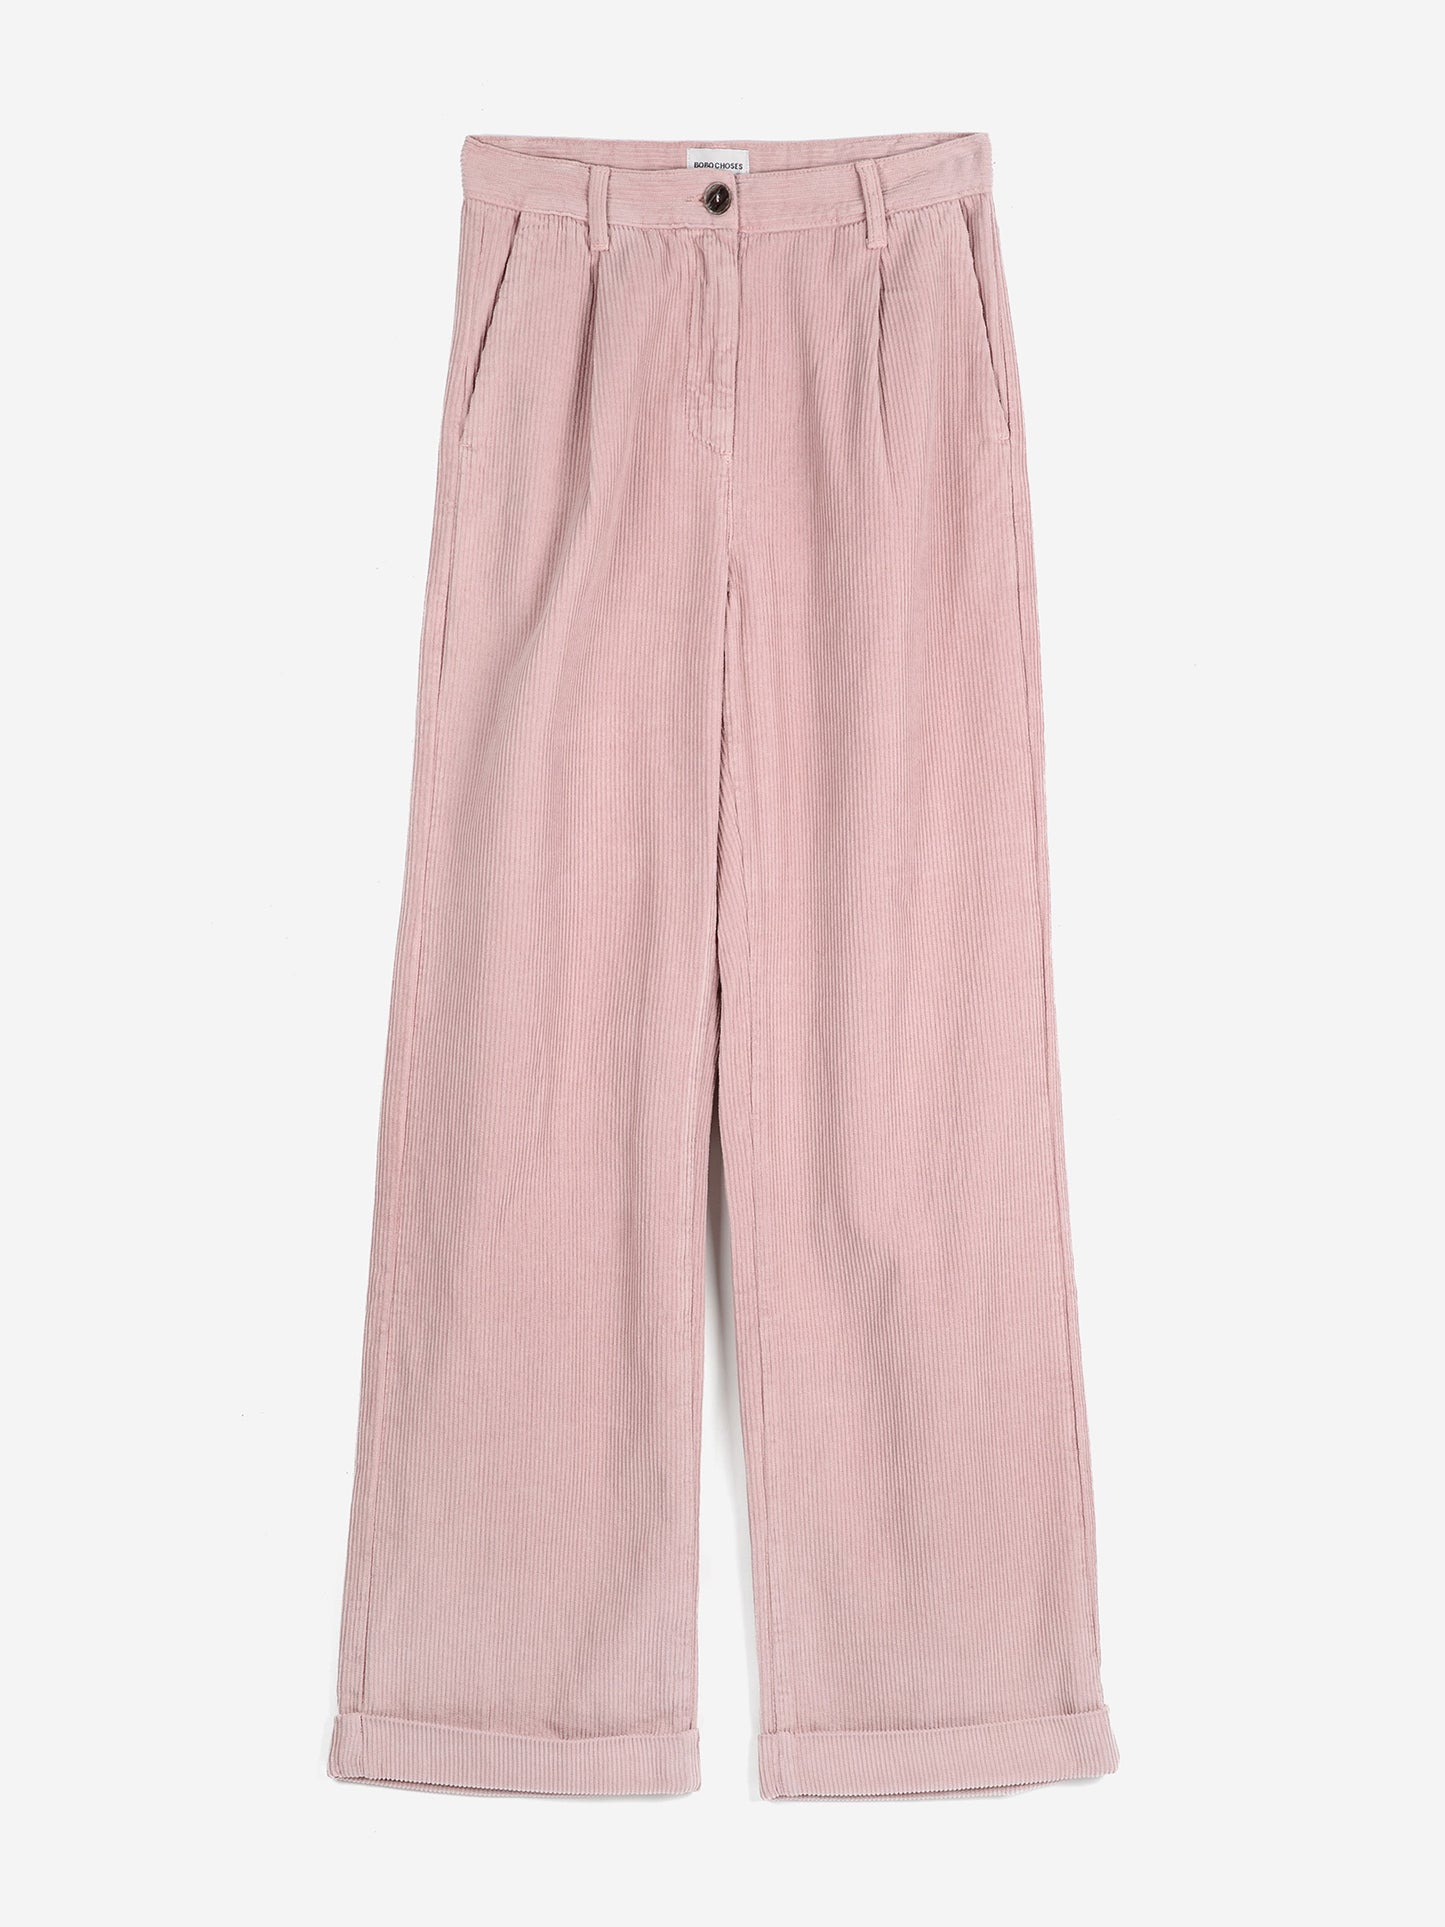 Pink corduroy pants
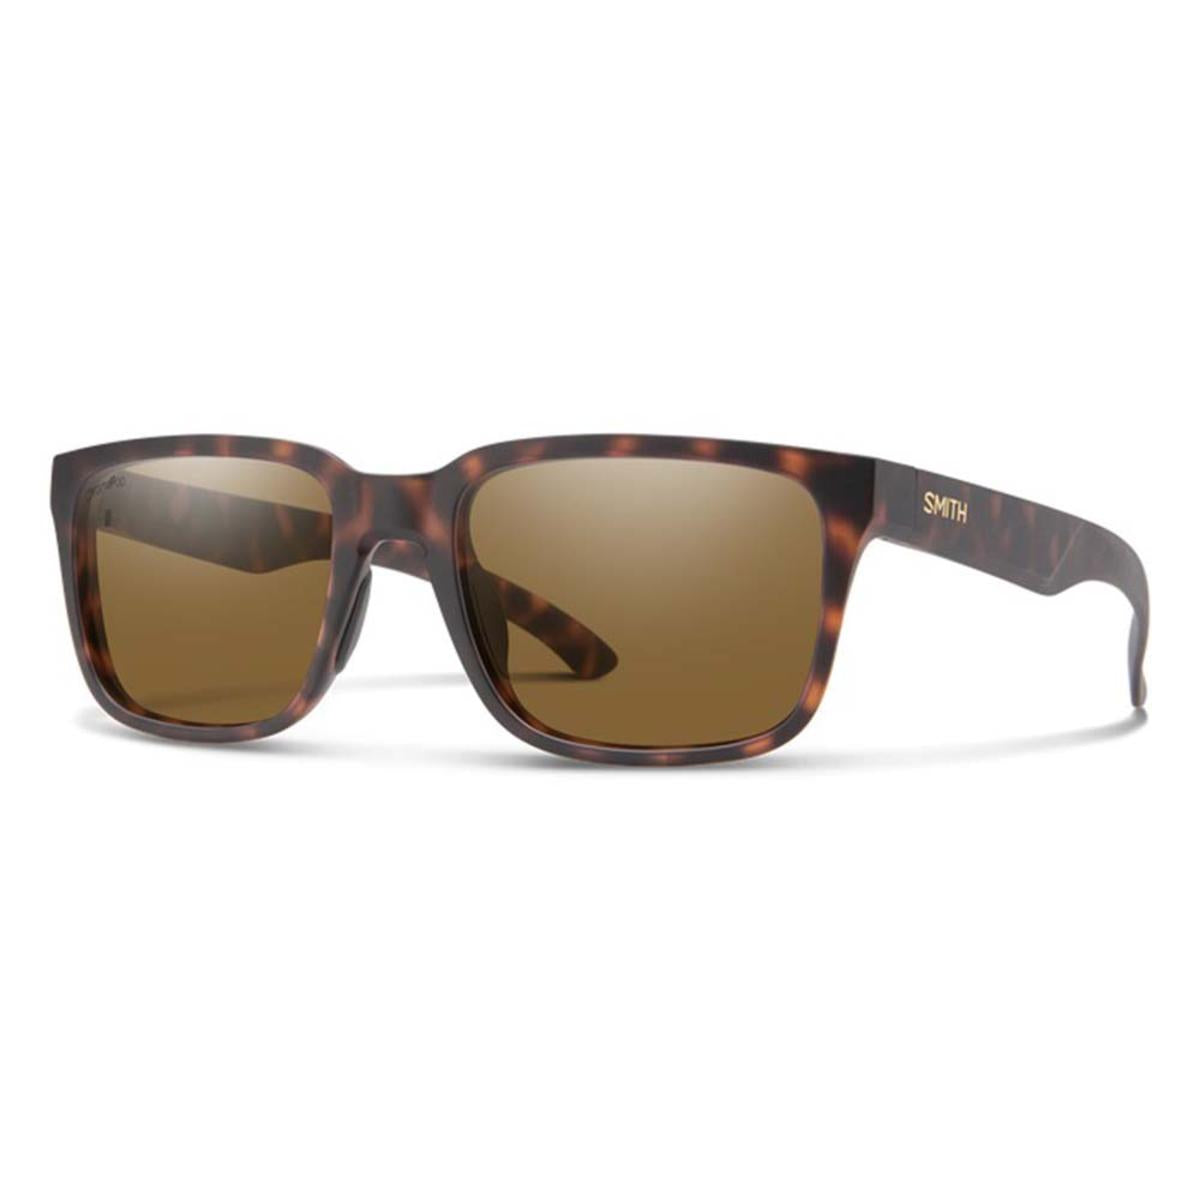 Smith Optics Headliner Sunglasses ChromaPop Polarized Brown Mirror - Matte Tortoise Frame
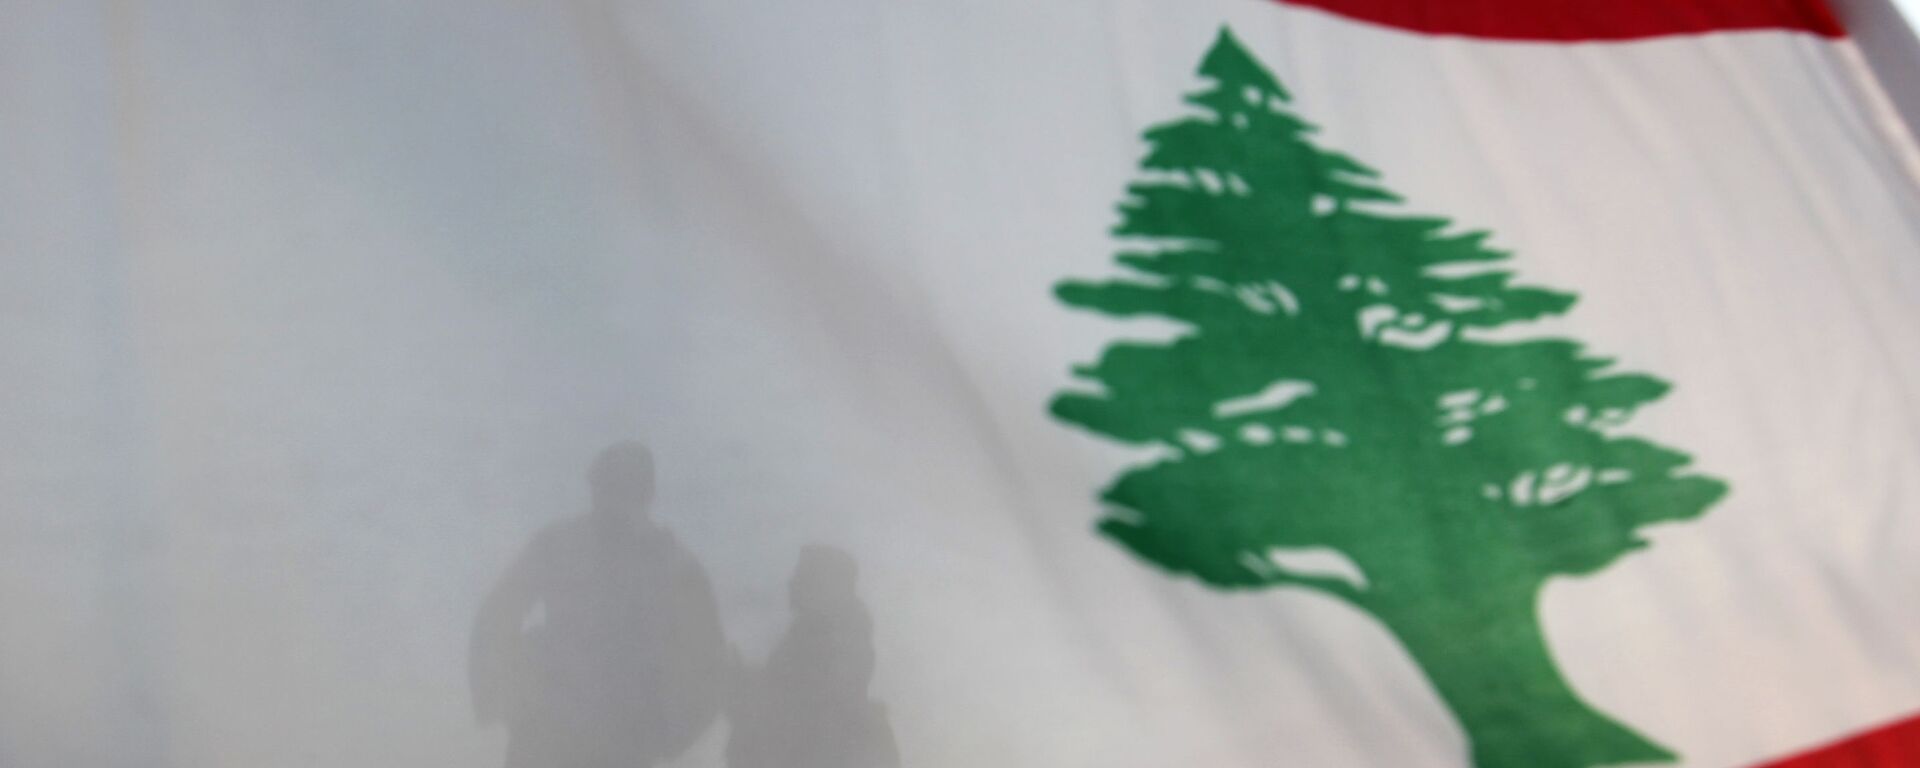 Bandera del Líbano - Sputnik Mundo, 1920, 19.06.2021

::::

Directions for this task
Copy out the material word for word, without any images.

Answer to this task
 Pink corduroy pants
 Smith Optics Headliner Sunglasses ChromaPop Polarized Brown Mirror - Matte Tortoise Frame
 Bandera del Líbano - Sputnik Mundo, 1920, 19.06.2021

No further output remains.